- **Work required**:
Beginning with the first line, return the material verbatim and without pictures.

- **Data segment**:
▬▬▬▬▬▬▬▬▬▬

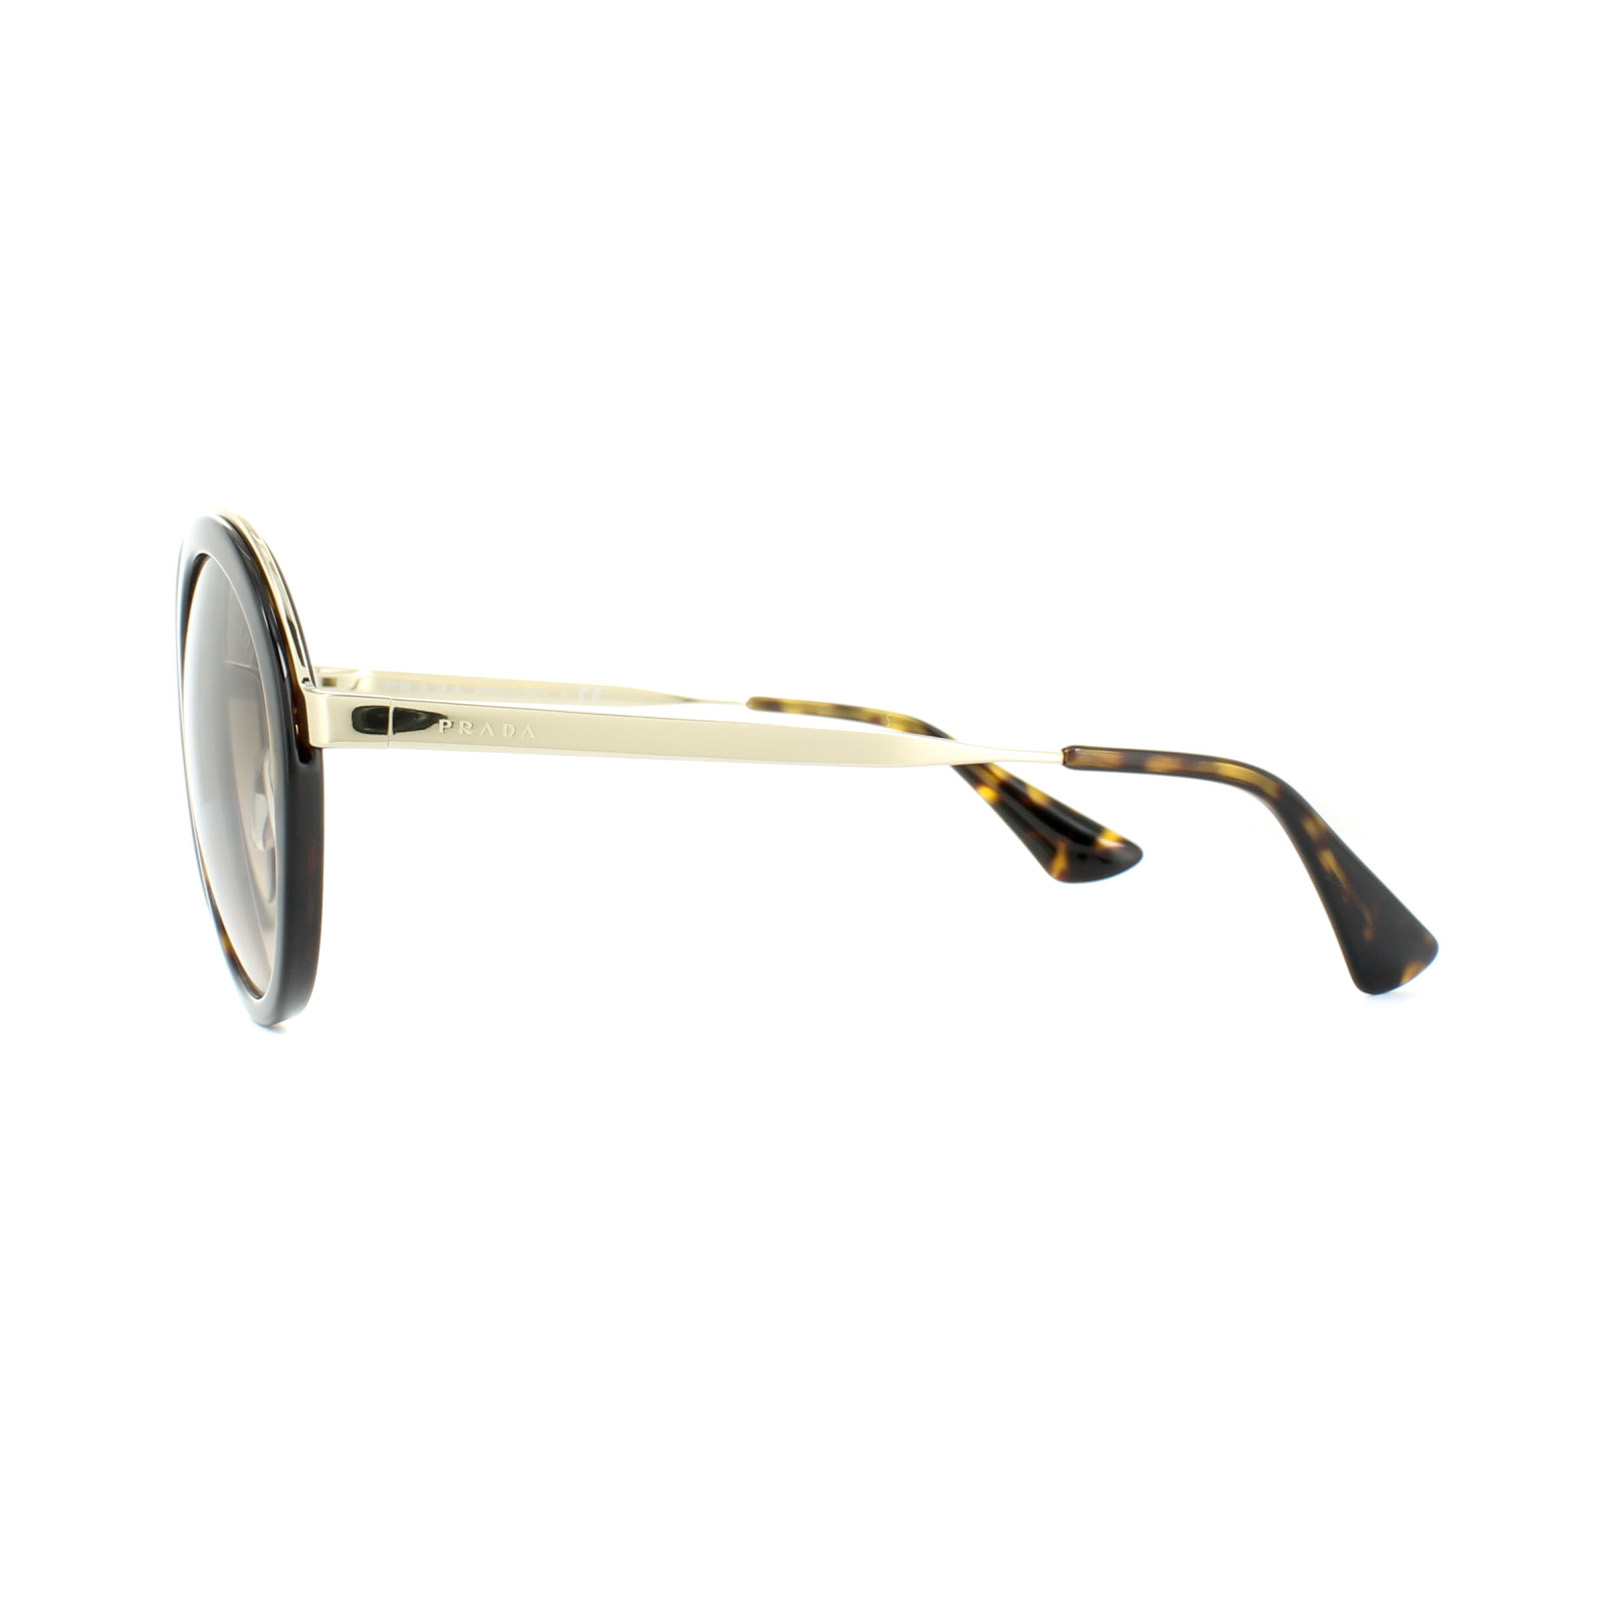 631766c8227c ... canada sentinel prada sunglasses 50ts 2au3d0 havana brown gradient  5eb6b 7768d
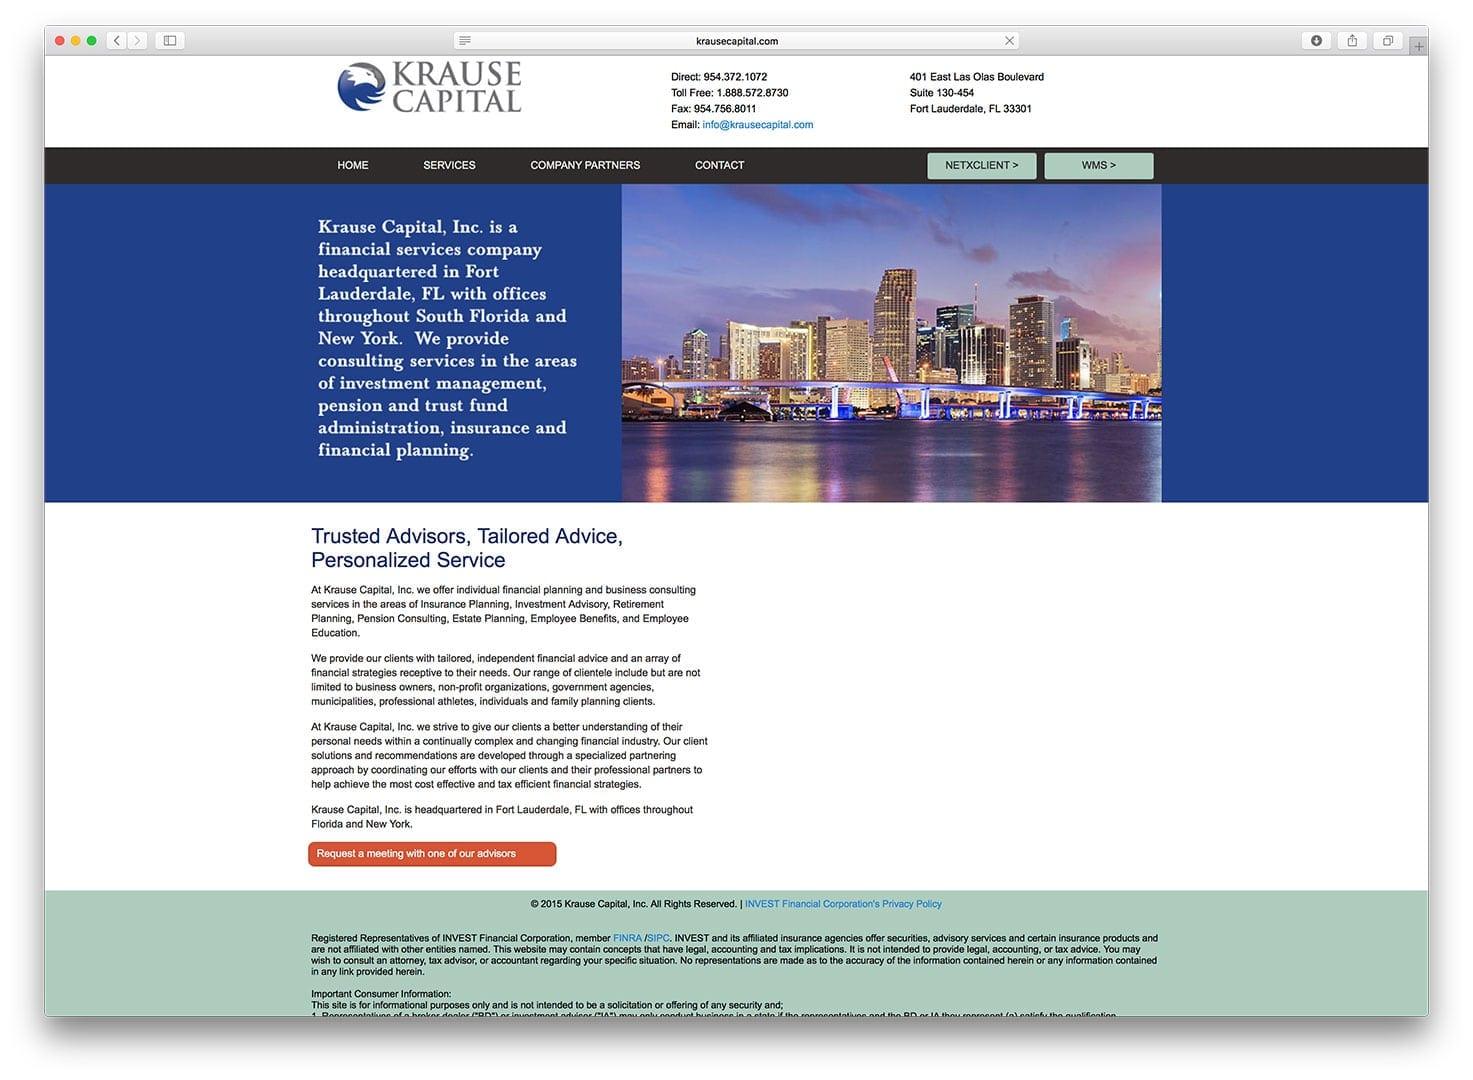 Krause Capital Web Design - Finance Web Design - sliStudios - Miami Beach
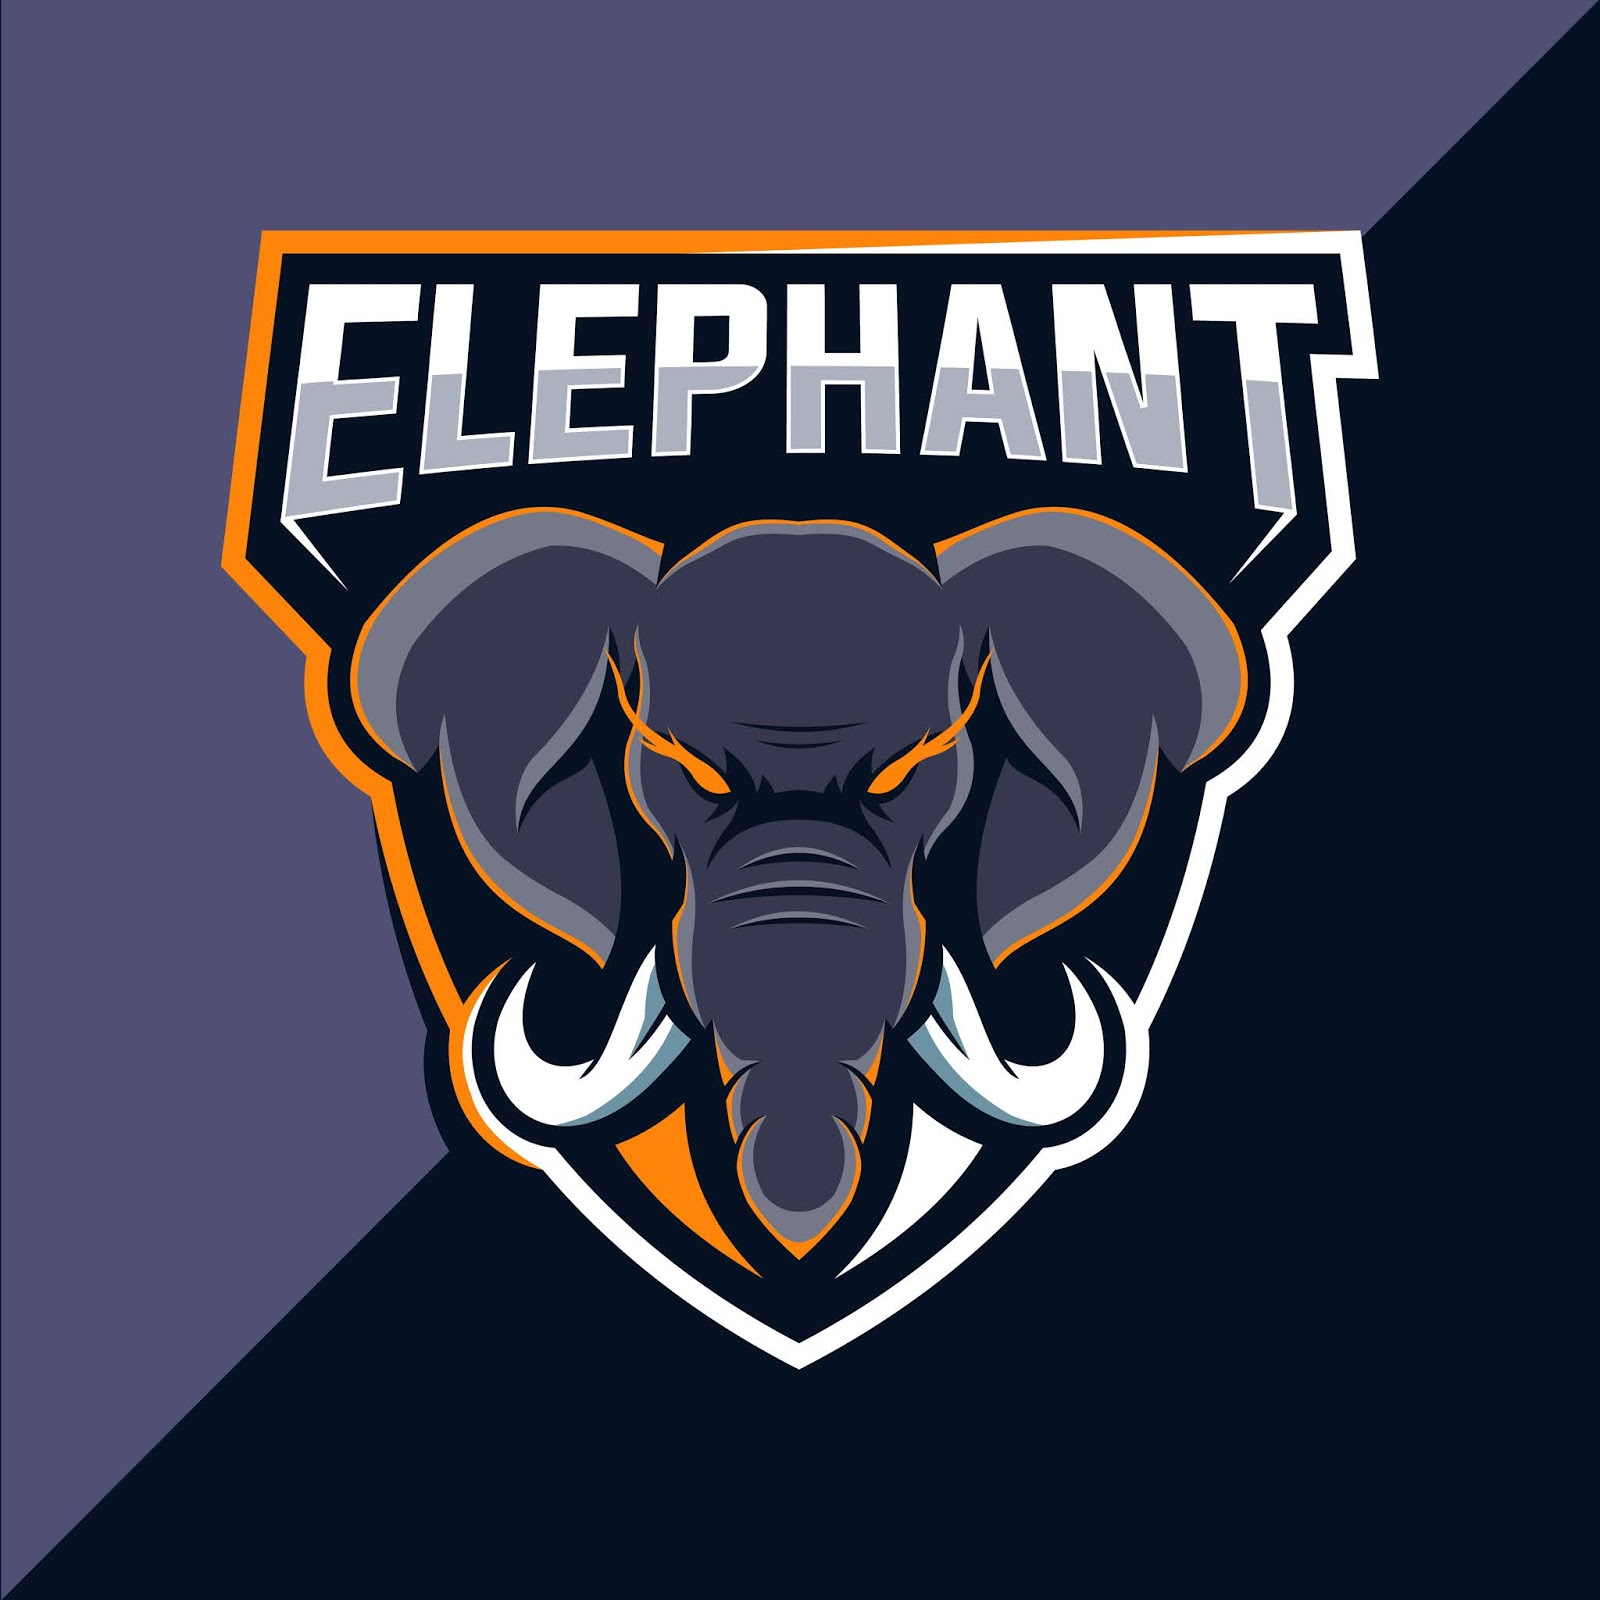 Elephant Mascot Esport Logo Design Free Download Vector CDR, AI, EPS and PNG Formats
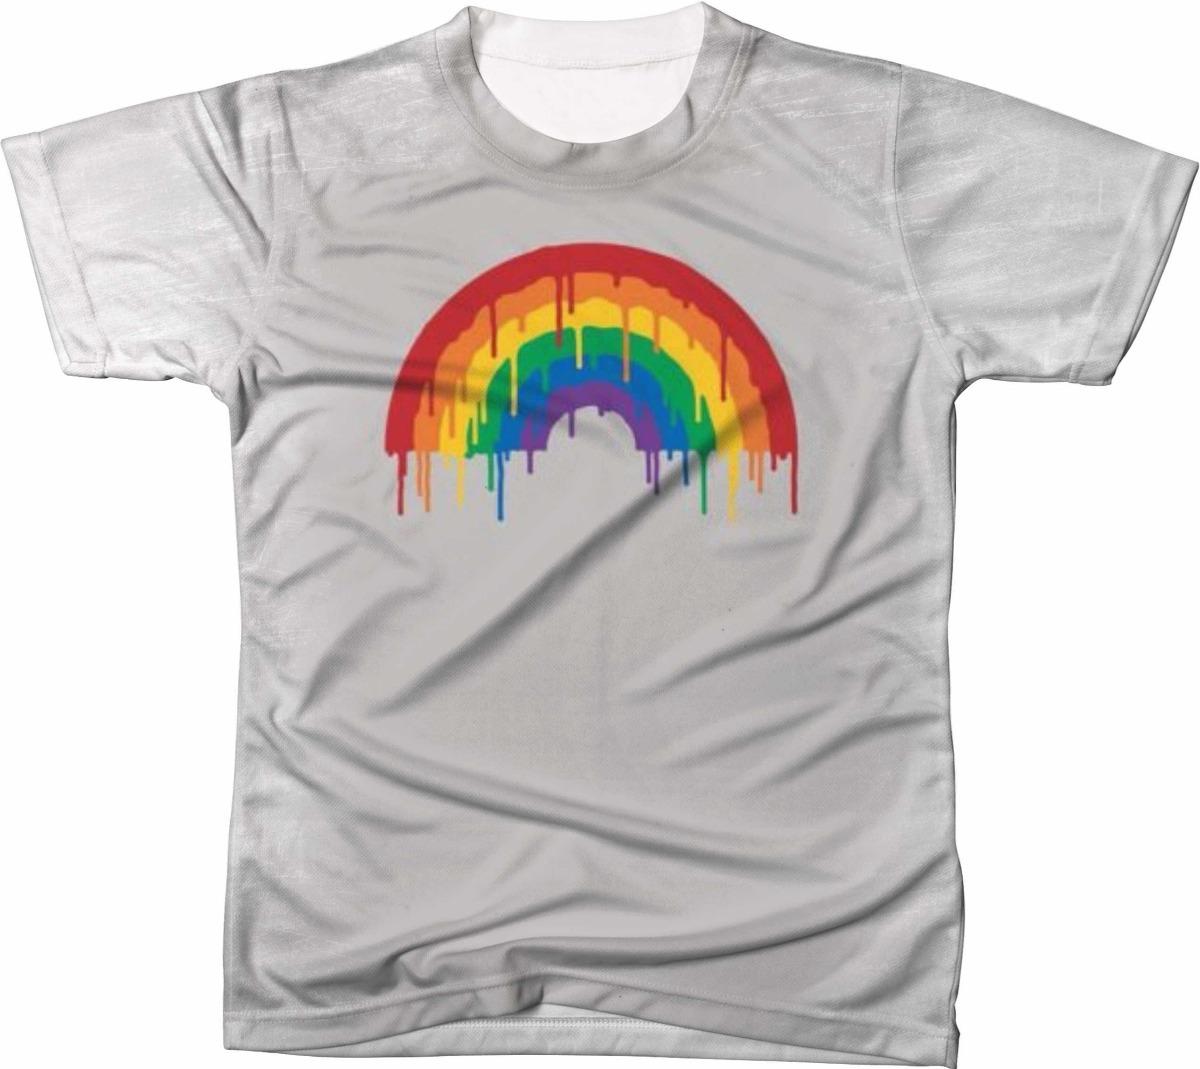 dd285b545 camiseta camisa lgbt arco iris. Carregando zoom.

▬▬▬▬▬▬▬▬▬▬

- **Response**:
 631766c8227c ... canada sentinel prada sunglasses 50ts 2au3d0 havana brown gradient  5eb6b 7768d
 Krause Capital Web Design - Finance Web Design - sliStudios - Miami Beach
 Elephant Mascot Esport Logo Design Free Download Vector CDR, AI, EPS and PNG Formats
 dd285b545 camiseta camisa lgbt arco iris. Carregando zoom.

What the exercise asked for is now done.